O cineasta conheceu Milton Santos em 1995, e desde então tinha planos para filmar o geógrafo. Os anos foram passando e, somente em 2001, Tendler realizou o que seria a última entrevista de Milton (que viria a morrer cinco meses depois). Baseado nesse primeiro ponto de partida o documentário procura explicar, ou até mesmo elucidar, essa tal Globalização da qual tanto ouvimos falar.

É na evidência das contradições e dos paradoxos que constituem o cotidiano desta globalização que Milton Santos enxerga as possibilidades, já em andamento, de construção de uma outra realidade. Inova, portanto, quando, ao invés de se colocar contra a globalização, propõe e aponta caminhos para uma outra globalização. Agora, o novo vem da periferia. Como exemplo de uma cultura que surge dos ‘de baixo’, o professor cita o movimento Hip-Hop.”, revela Silvio.

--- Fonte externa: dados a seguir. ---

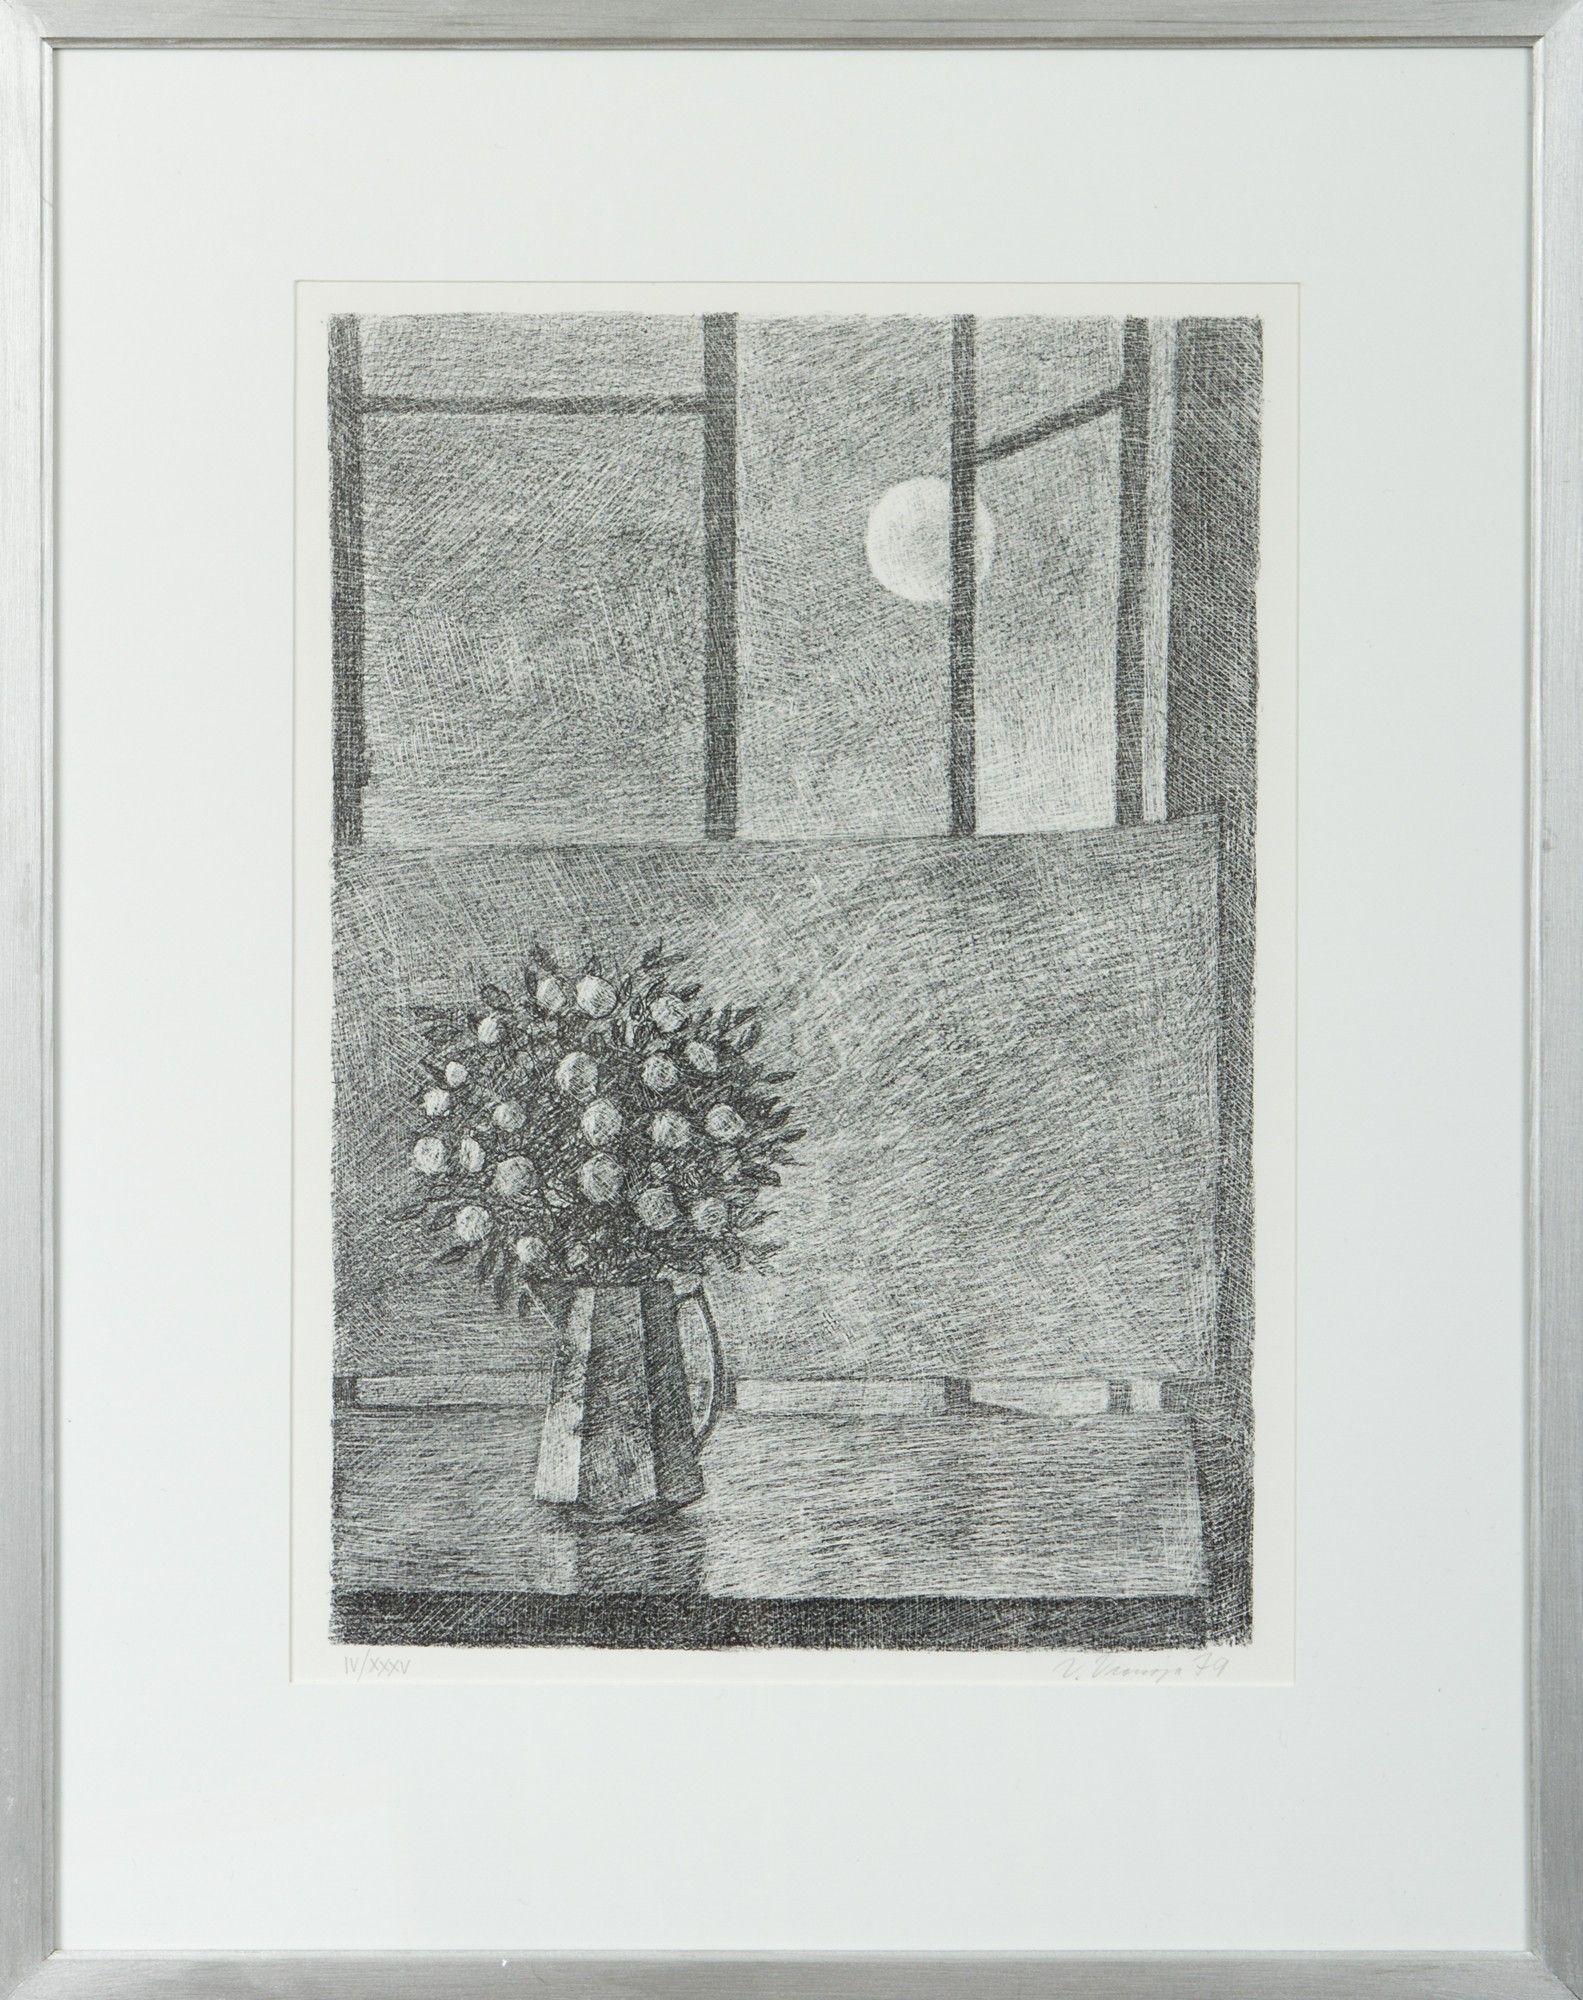 Veikko Vionoja, 1979, litografia, edition IV/XXXV - Hagelstam A131

O documentário percorre algumas trilhas desses caminhos apontados por Milton, vemos movimentos na Bolívia, na França, México e chegamos ao Brasil, na periferia de Brasília. Em Ceilândia, a câmera nos mostra pessoas dispostas a mudar as manchetes dos jornais que só falam da comunidade para retratar a violência local. Adirley Queiroz, ex-jogador de futebol, hoje cineasta, estudou os textos de Milton e procura novos caminhos para fugir do ‘sistema’ ou do Globaritarismo – termo criado por Milton Santos para designar a nova ordem mundial.

Para tornar o documentário atraente ao público acostumado à ficção ou aos telejornais, Tendler usa uma montagem ‘moderninha’ com gráficos e animações. Atores globais foram chamados para narrar o texto sobre Globalização: Beth Goulart, Fernanda Montenegro, Milton Gonçalves, Matheus Nachtergaele e Osmar Prado. Mas, na verdade, o que realmente importa é o conteúdo do filme. Num país tão carente de pensadores e e até mesmo ideais, um filme como esse deveria ser de exibição obrigatória nas salas de aula. Um sonho, uma utopia se pensarmos que será um grande desafio manter o documentário um mês em cartaz no eixo Rio-São Paulo.

Milton Santos, geógrafo e livre pensador, dizia que a maior coragem, nos dias atuais, é pensar, coragem que sempre teve. O documentário de Silvio Tendler não é uma cinebiografia, nem pretende ser, mas atingiu o objetivo principal de seu personagem: fazer pensar.

Creio que as condições da história atual permitem ver que outra realidade é possível. Essa outra realidade é boa para a maior parte da sociedade. Nesse sentido, a gente é otimista. A gente é pessimista quanto ao que está aí. Mas é otimista quanto ao que pode chegar”.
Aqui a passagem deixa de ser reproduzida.